Another important factor providers should consider when looking to expand and improve their workforce is from where they’re recruiting.

“It’s not enough to put up a job post and hope that the right people apply,” Harley said.

Instead, she recommends providers reach out to sources and recruiting channels that can help them draw in diverse talent. A common criticism of the behavioral health industry is that workforces often lack diversity, with Black, brown and Asian clinicians in short supply.

In addition to rewriting job descriptions to eliminate bias, Harley recommends providers work with historically black colleges and universities (HCBUs) to help with that.

“We’ve found success by partnering with our regional HBCUs, forming relationships with them and being able to recruit directly from there,” Harley said.

That’s possible even for providers that don’t have any HBCUs in their area.

Take Care Plus New Jersey, for example. The nonprofit behavioral health provider offers comprehensive, recovery-focused integrated primary care, mental health care and substance use disorder (SUD) treatment services across northern New Jersey. It provides outpatient, inpatient, residential and community-based care.

While there aren’t any HBCUs in New Jersey, Care Plus has found success in working with those in nearby states, according to Brigitte Johnson, the organization’s executive senior VP of corporate affairs, compliance and in-house counsel.

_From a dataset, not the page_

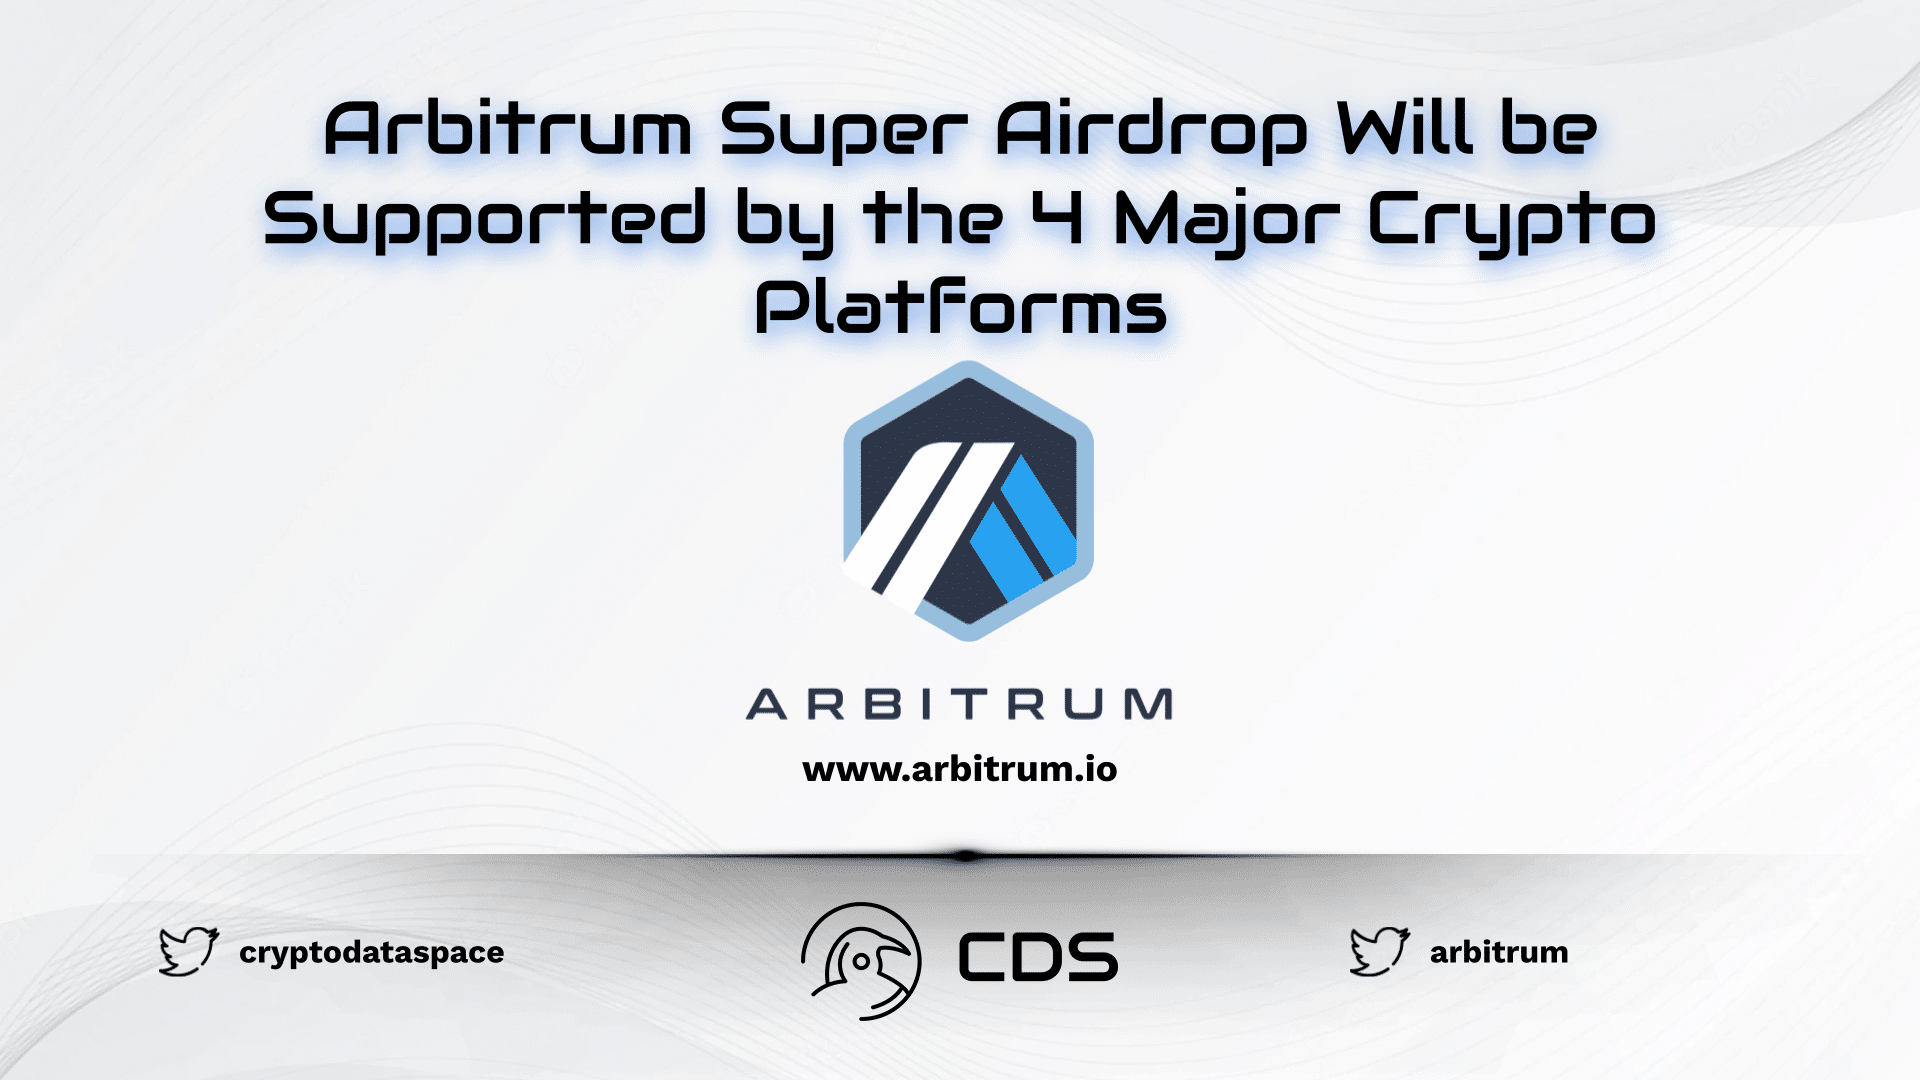 Arbitrum Super Airdrop Will be Supported by the 4 Major Crypto Platforms

“We started … reaching out to the HBCUs that may not be in our area, but probably have students that are from New Jersey,” Johnson said during the webinar. “We’re [also] talking about actually saying to some of our local colleges, ‘We need minorities, and this is the reason why.’ Then, we’re really trying to solicit and advertise for minorities to come to Care Plus.”

On top of that, Care Plus is looking at offering more supervision as a lure to draw in workers with provisional licenses.

Revamping retention

While recruitment is undoubtedly important, it’s only half the battle. Retention can be equally difficult.

When it comes to retention, Carolyn Petrak — associate executive director of the Ability Network of Delaware — said some of her members have found success in creating an inclusive, supportive culture and outlining potential career growth pathways and opportunities.

The Ability Network of Delaware is an association that represents disability service providers across the state.

“You would have to create a career pathway if you’re going to recruit [and retain] for the immense need in this field,” Petrak said.

Harley agreed. She encouraged providers to explore development programs and ask workers about their professional goals early on.

Meanwhile, Johnson said Care Plus NJ recently formed a diversity and inclusion committee to review policies and procedures for implicit bias. So far, it’s already identified a few areas that need improvement to make the workplace more welcoming.

“We started talking about certain policies that we have in place that are not seeming inclusive,” Johnson said. “One thing, for example, was our dress code, so we started looking at our dress code: How could we change that? How can we make it more inclusive?”

Finally, Ingoglia said the pandemic is a good reminder that providers have to be understanding of employees’ personal needs, which can help keep employees happy in the long-run. As such, the National Council has implemented options like flex scheduling to give people the flexibility they need.